Traders got bitch-slapped Monday morning as no-news was bad-news. Well we did confirm a recession in Spain, so traders bailed out of the market. The German DAX led the way this morning, but after the European close, U.S. markets recovered somewhat. The S&P (ES futures contract) closed down -12.25.

We have an FOMC meeting starting on Tuesday. But it won’t be until Wednesday that we hear what they are thinking. There’s New Home Sales on Tuesday. Besides the FOMC announcement on Wednesday there is also Durable Goods Report. And on Friday we hear about GDP.

Remember…As Keynes famously once said “The market can stay irrational longer than you can stay solvent”. Be careful out there.

Here we go again

Like a bad penny, options expiration is upon us again.  Plus there are a boatload of earnings report during this week. On the good side, it’s a slow economic news week…as if the earnings won’t make it a wild ride already. With earning expectations being lowered during the first quarter, many companies may “beat” earnings allowing for another run up in the indexes.

Like yesterday, markets were mixed as the Dow lead the way up, but AAPL and GOOG dragged down the Nasdaq and kept the S&P and Russell in check. Buckle up and let’s roll! 8O

1st Quarter down, 3 To Go

Seems like New Years was not that long ago, but a quarter of the year is at end. Have you started your Christmas shopping yet? 8O

We’ve had 2.5 down days and 1.5 consolidation days this week. The last 2 days of the 1st quarter are seasonally bearish days, while the first week of the 2nd quarter is seasonally bullish, at least according to the Stock Trader’s Almanac. What makes it confusing on the last day of March is that the Dow has been down 12 of the last 17 years, but the Russell 2000 has been up 13 of the last 17 years. Oh my!

Next week will be a shortened holiday week with markets closed on Good Friday. April is the best month for the Dow, 2nd best for the S&P and 4th best for the Russell. So maybe the good times will continue for another month. On the flip side, April ends the “best 6 months” of the trading year. We’ve got 30 days to decide if we should “sell in May and go away!”

My oh my!

The volume continues to decline and so does the VIX as we mentioned before. . . .as do many others in the blogosphere. Here’s a thought: What the Heck is Happeneing with the VIV and VXX?
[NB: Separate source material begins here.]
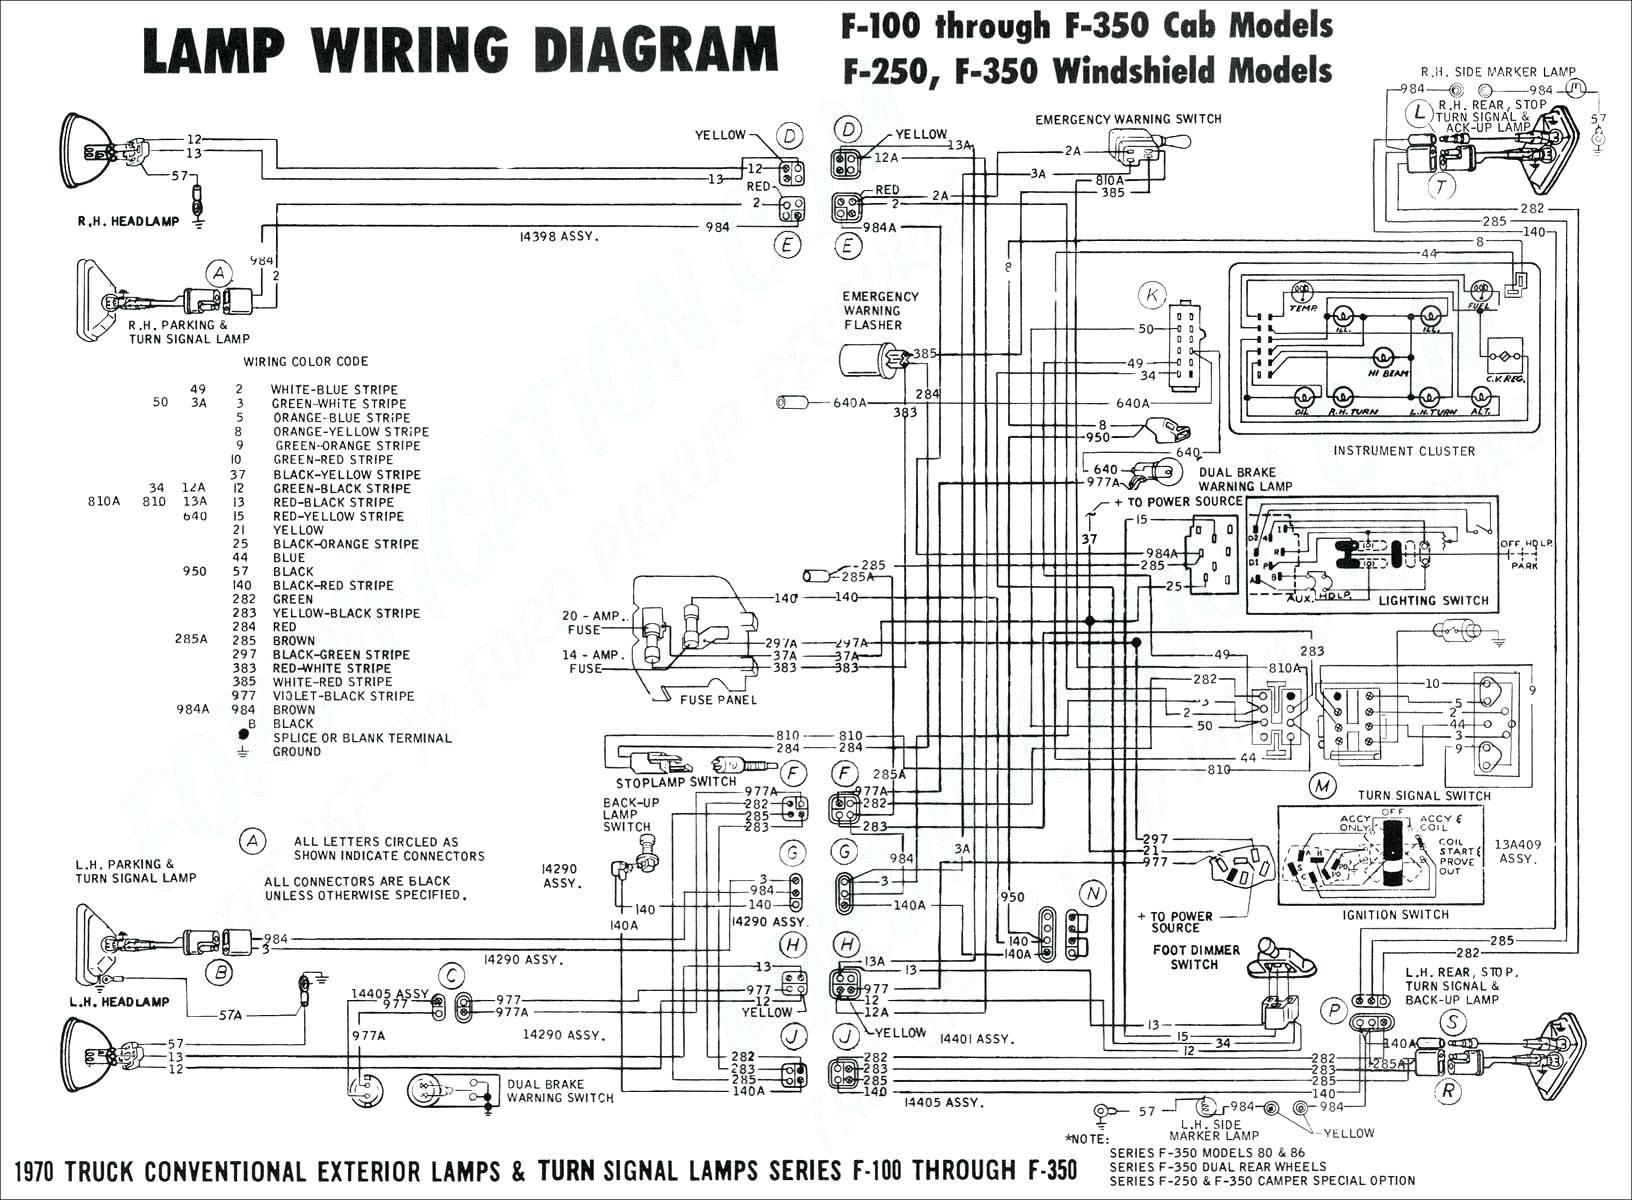 Xbox 360 Psu Wiring Diagram

Yesterday, the S&P, or actually the ES futures contract) hung just above and below breakeven, having low volume spurts in either direction. And again, I’m just scalping for lunch money, with no committment to either direction. Here’s some stories you may enjoy. . . and learn.

Must be OpEx

Yes it is…keeps coming back like a bad penny! ;)
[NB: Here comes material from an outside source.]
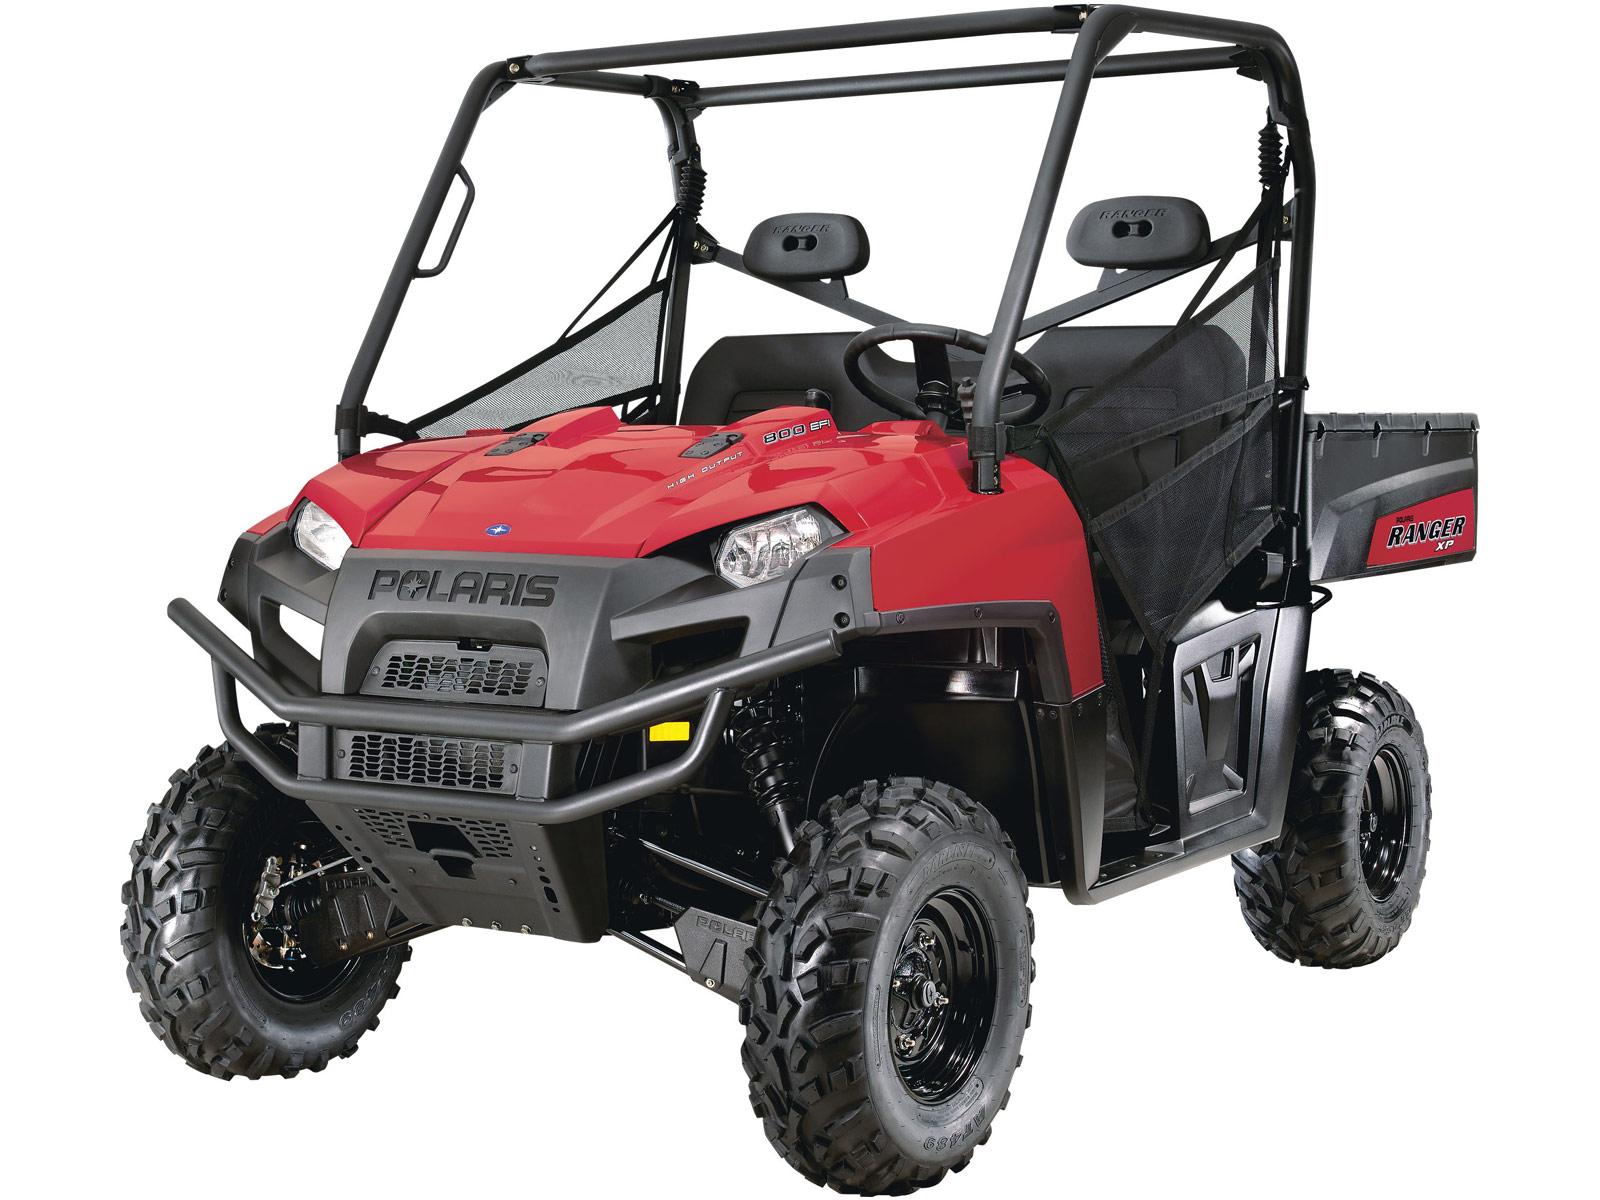 2012 POLARIS Ranger XP800EPS ATV Wallpapers 1600x1200

And what makes this one interesting, as if they aren’t all interesting? Well first is today’s FOMC meeting and then Thursday we have the release of the stress tests on the banks.

Monday was a blank day with the S&P at no change, a doji. But all the bulls let out their frustrations on Tuesday after a fairly upbeat FOMC report and a generally good mood on Wall Street with JPM saying they will increase their dividend. WTF? Wasn’t the law laid down that no bank could announce anything until after the numbers are released on Thursday? Again….WTF!
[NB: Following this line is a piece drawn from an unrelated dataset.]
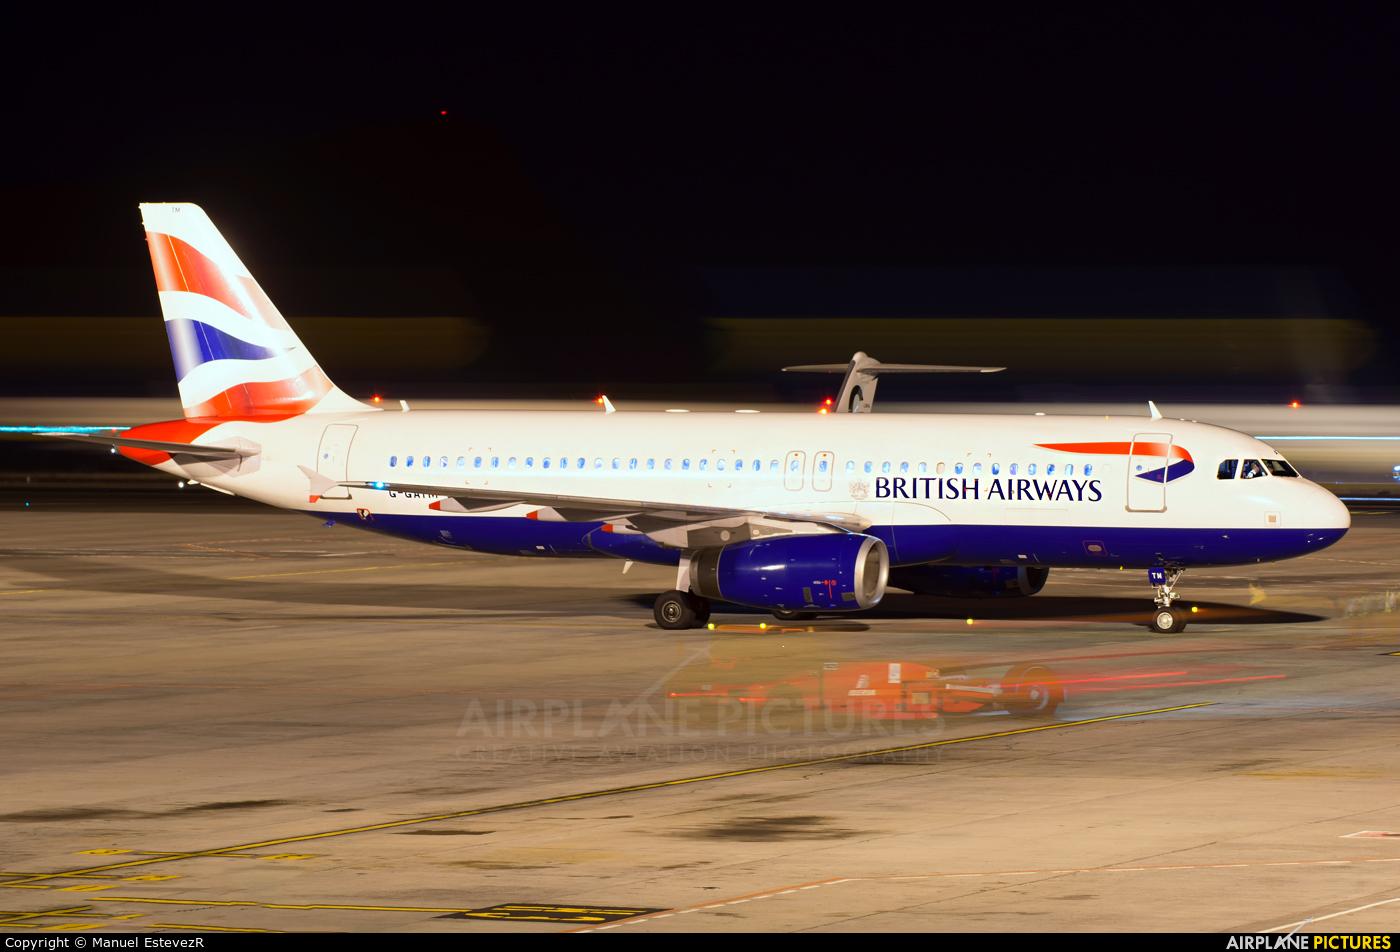 British Airways G-GATM aircraft at Tenerife Sur - Reina Sofia

The Fed lies, Wall Street lies, everybody lies! How is the little guy supposed to trade this market? Oh, that’s right, we’re not!

Manic Monday!

Just another Manic Monday! After a gap up opening, the indexes took the rest of the day to take out last week’s lows and making a new December low. And although they bounced near the close, especially the NQ, the indexes closed closer to their low of day than to their HOD.

Looking bearish, but maybe a “Turnaround Tuesday” in the making…. if volume picks up. Everybody on holiday already?


After the S&P takes a 47 point dive the first 3 days of the week, today was a mild 6 point recovery. Oh my! Actually today was a very boring market day. A very nice pop up gap open, but down from there ending up, but midway back from the open….and all on very low volume.
Xmas time is here
Friday better show some action. December’s quadruple witching options expiration has been up 21 of the last 29 years with an average 0.4% gain. And isn’t it about time for Santa Claus to show up?